Gli insegnanti di sostegno, Dario Ianes,  e la retorica caciara
di Raffaele Iosa


Leggo, con stupore, una durissima nota di Tiriticco contro la proposta di Ianes  per andare oltre gli insegnanti di sostegno. Allarmi strani, questi di Tiriticco, e a mio avviso fuori luogo. D’altra parte mentre di esami di stato  io prima “ascolto” (lui giustamente “parla” perché ne sa più di me), qui invece si occupa di temi  che forse andrebbero meglio studiati, o quanto meno “ascoltati”.
In questa vicenda ci sono alcuni paradossi.
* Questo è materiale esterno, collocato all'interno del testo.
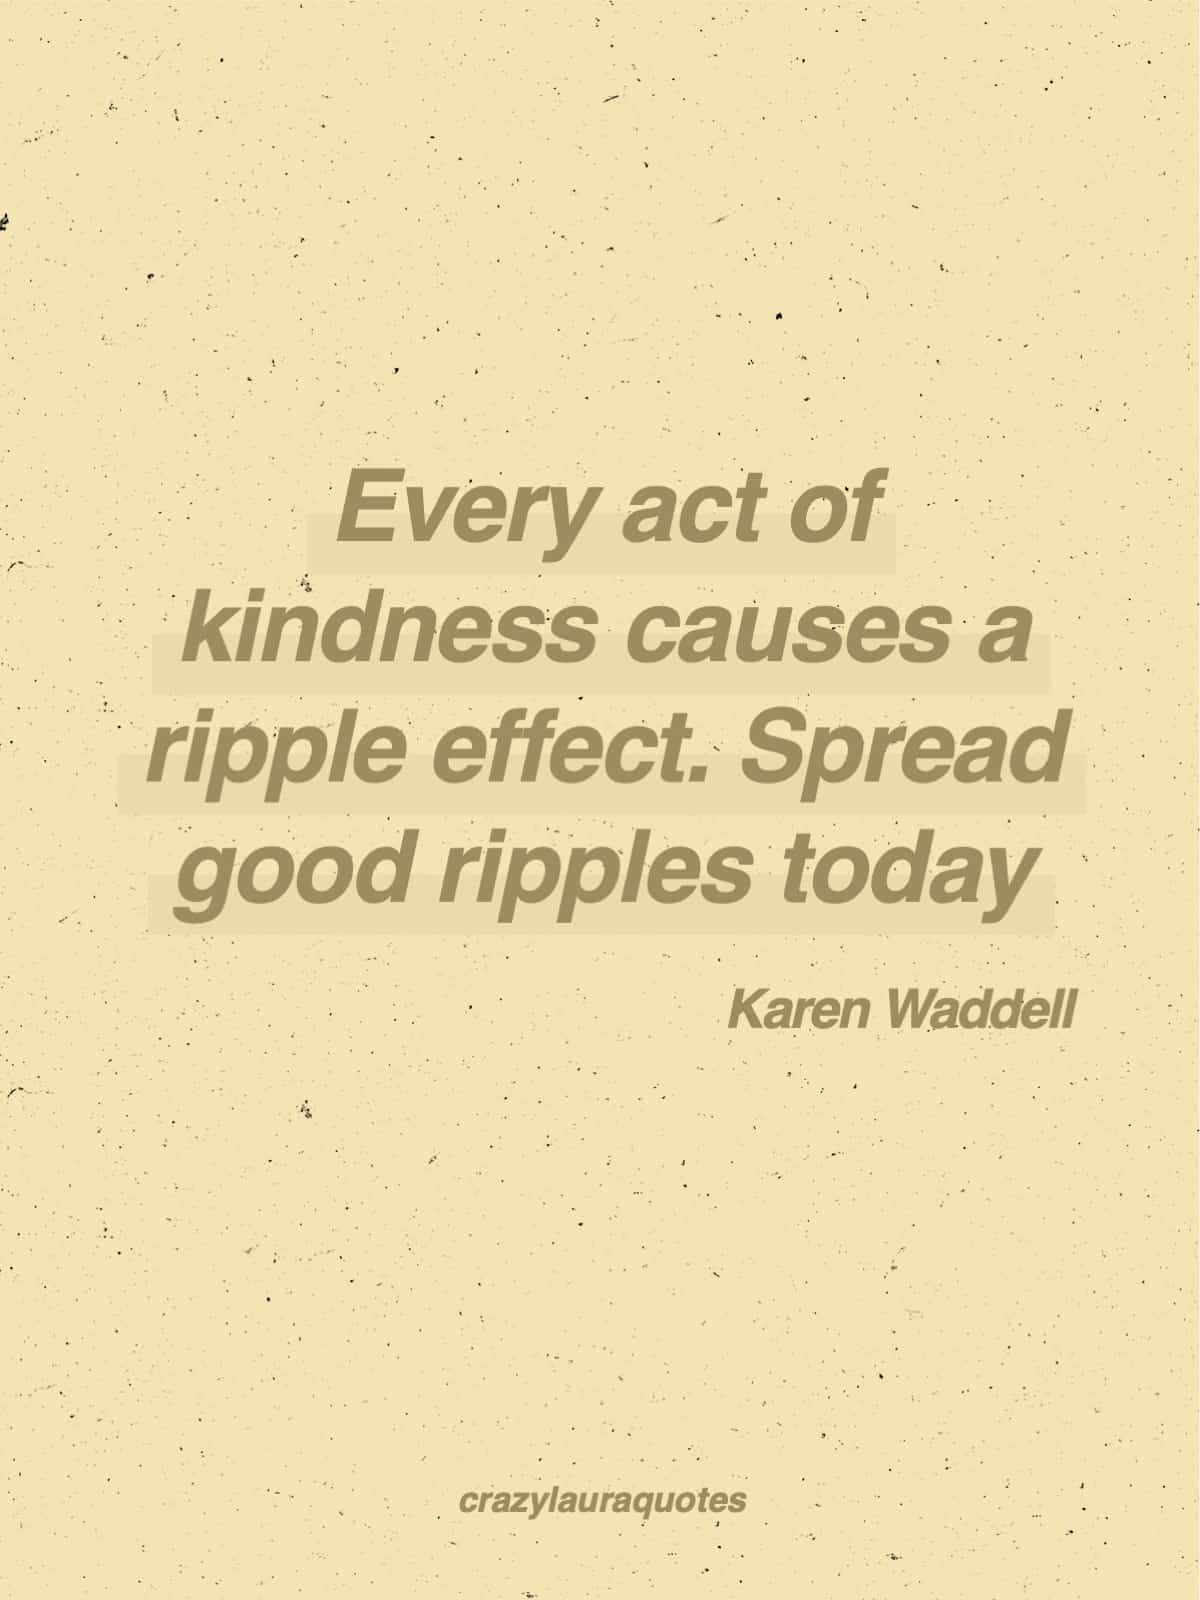 kindness ripples through the world quote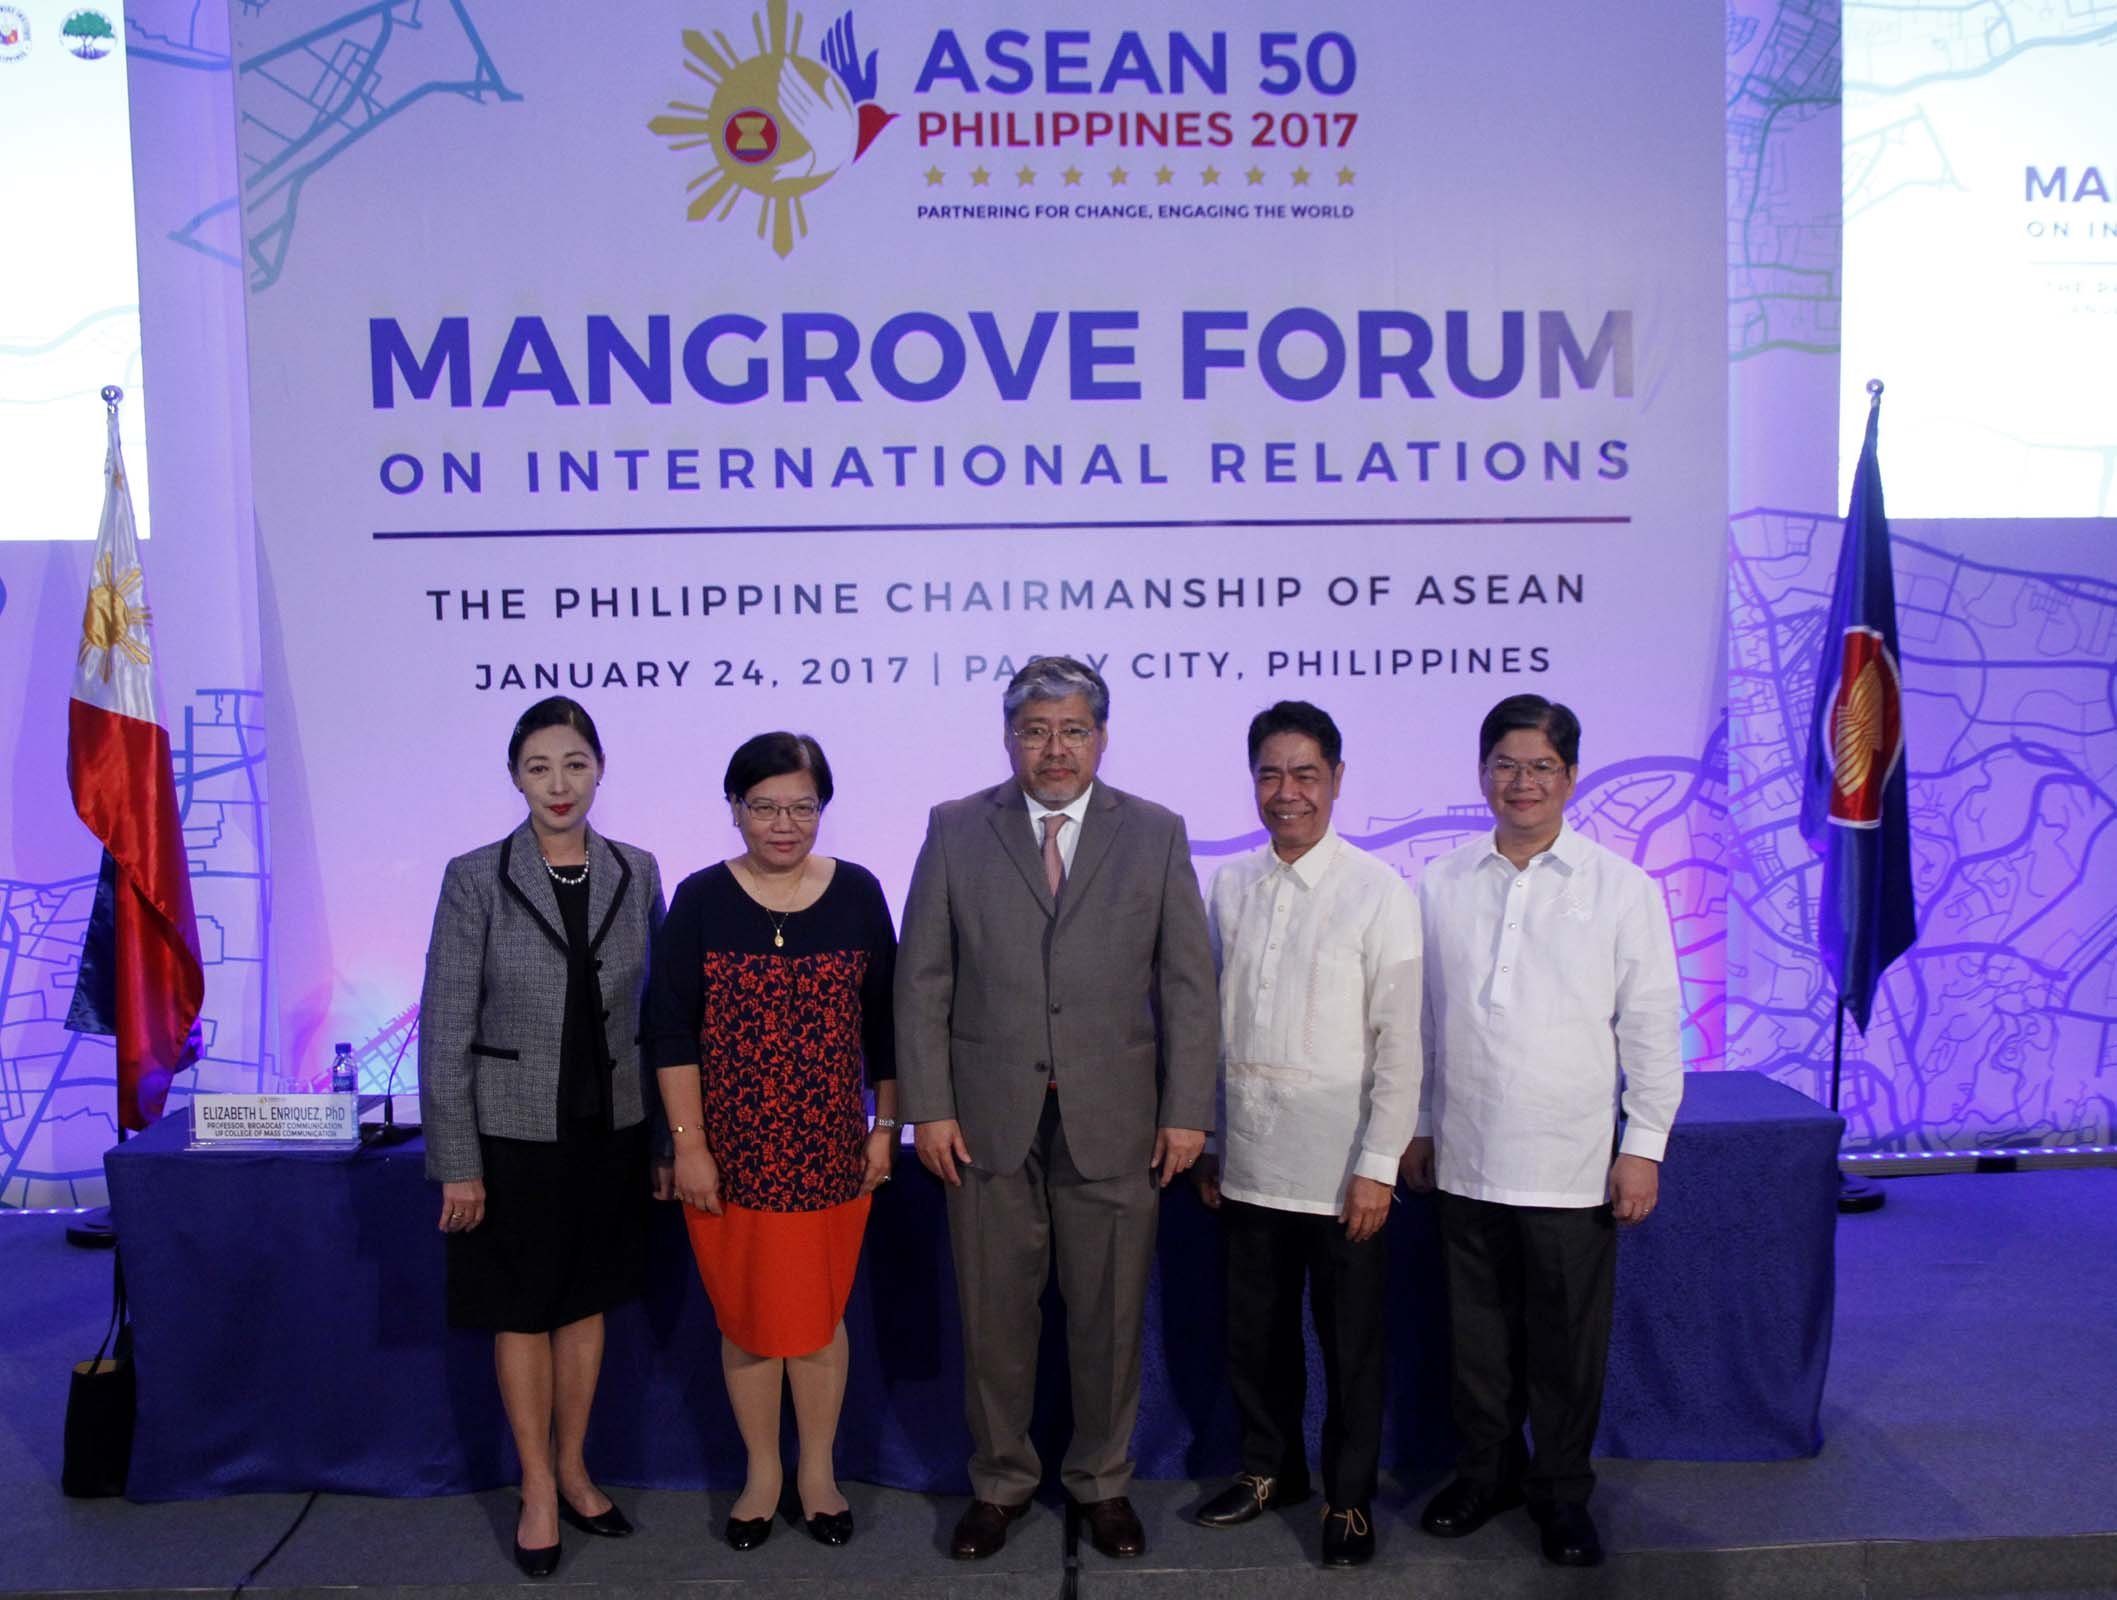 Forum tackles East Timor's desire to join ASEAN

E’ noto che io mi sono battuto contro la “filosofia BES” del MIUR,  ma affermo per certo che questa non ha mai avuto “trame oscure”,  disvelate da Tiriticco,  per ridurre o ridistribuire i docenti di sostegno.  Perfino il documento “La buona scuola”  sulla disabilità parla con enfasi solo di insegnanti di sostegno, del loro aumento, ma (per me purtroppo) non dice altro sulla crisi qualitativa dell’integrazione scolastica, che sta portando alla “grande finzione” di una scolarizzazione che è di fatto in moltissimi casi “isolazione”.
C’è ancora un altro paradosso. Sulla questione BES  io non ho condiviso la scelta di Ianes di favorire la negativa operazione del MIUR  sui BES,   per le tante ambiguità che la dominante iatrogenesi sta provocando non solo a scuola ma nella società (si veda la novità della “ludopatia”). Una medicalizzazione della scuola con il rischio di nuovi stigmi. In questa discussione Tiriticco condivideva la critica. Dunque sui BES ero d’accordo con Tiriticco e meno con Ianes!  Questo volta, invece,  è esattamente il contrario. Dunque qualcosa non va? O è solo democrazia?
E’ noto, ad esempio, che io mi batto da anni contro la Legge 170 sui DSA che impone tecniche isolazioniste ai ragazzi con “difetti”  in lettura e scrittura e calcolo, perché ha “contrattualizzato” la didattica in un tira e molla per avere “dispensa/compensa” a gogò senza alcuna responsabilità, e che è alla base anche dei rischi anche con la filosofia BES. Considero dispensa/compensa una parte (neppure decisiva) della didattica individualizzata di cui hanno necessità molti ragazzi a prescindere da dottori, malattie di moda, ideologismi sociali, una didattica fondata sull’art. 3,4 e 5 del Regolamento Autonomia e non “concessa da una legge”, quindi offerta a tutti quelli cui servono, senza ricatti contrattualistici. Ma tant’è. Chi ne parla?
Questa volta sull’argomento “superamento dell’insegnante di  sostegno”, invece io  sono del tutto d’accordo con Ianes  per ragioni che nulla hanno a che vedere con i posti di sostegno né con i BES.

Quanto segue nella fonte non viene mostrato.